What "documented" actually means

Regulators want evidence, not assertions. Specifically: timestamped, version-controlled, signed-off documentation that pre-dates the audit. A document created reactively after a compliance request looks like — and is — a reactive document. The audit trail begins on the day the system is first conceived, not on the day a regulator asks about it.

Three properties separate audit-ready documentation from documentation that fails an audit. Provenance: every claim is traceable to the source data, decision or person that originated it. Cadence: review and sign-off happens on a defined schedule, not on demand. Independence: someone other than the system's owner reviews the documentation and signs it off. The 31% of European mid-market organisations that have a named AI governance owner usually have at least the third property in place. The other 69% almost never do.

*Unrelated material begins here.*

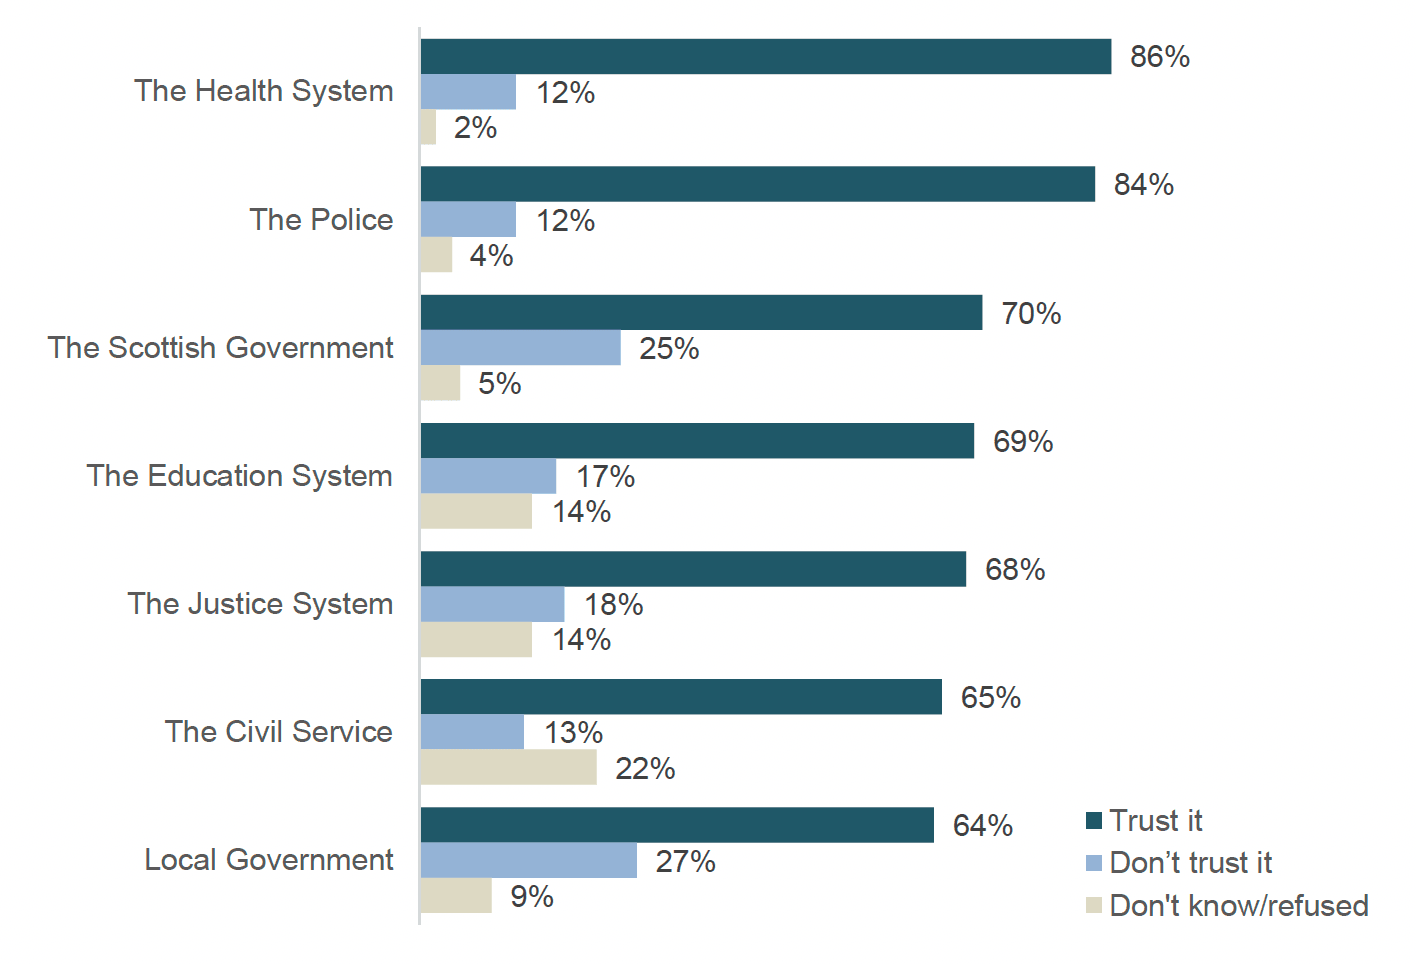 Bar chart showing levels of people saying they trust, don't trust or don't know if the trust various public institutions. The health system is the most trusted and local government the least.

A practical heuristic: if your AI documentation is in slide decks, you are not audit-ready. Slide decks are designed for persuasion, not for evidence. If it lives in a versioned register — git-backed Markdown is fine, a Confluence space is fine, a structured wiki is fine — you have a starting position.

Where mid-market typically falls down

The same three failure modes recur in audits we have observed.

The first is the Article 50 disclosure gap. Limited-risk systems — chatbots, content generators — do not feel like regulated AI to most organisations because they are not high-risk. The Article 50 disclosure duty applies anyway, and it is enforceable by the same fines.

The second is the AI literacy gap under Article 4. Organisations that do not have high-risk AI assume Article 4 does not apply to them. It applies to everyone. The literacy programme must be in place, documented, and demonstrably differentiated by role.

The third is the vendor AI gap. Mid-market organisations consume AI primarily through SaaS vendors. Where the vendor classifies the embedded AI as high-risk, the deployer (the organisation using it) inherits responsibilities under Article 26. Most mid-market organisations have not read the Article 26 deployer obligations and assume the vendor carries the full risk. They do not.

What to do today

The Governance & ethics dimension of the Arqmetrica AI Maturity Index scores you against EU AI Act readiness signals specifically: inventory completeness, risk classification discipline, data governance evidence, post-market monitoring posture, incident reporting readiness. The full anchor logic — which questions map to which Articles of the Act — is documented on the methodology page.

If you are the named owner of AI governance in your organisation, this checklist is the agenda for your next two quarterly reviews. If you are not the named owner and there is no named owner, naming one is item zero on the list — without it, items 1 through 12 will not be defensible.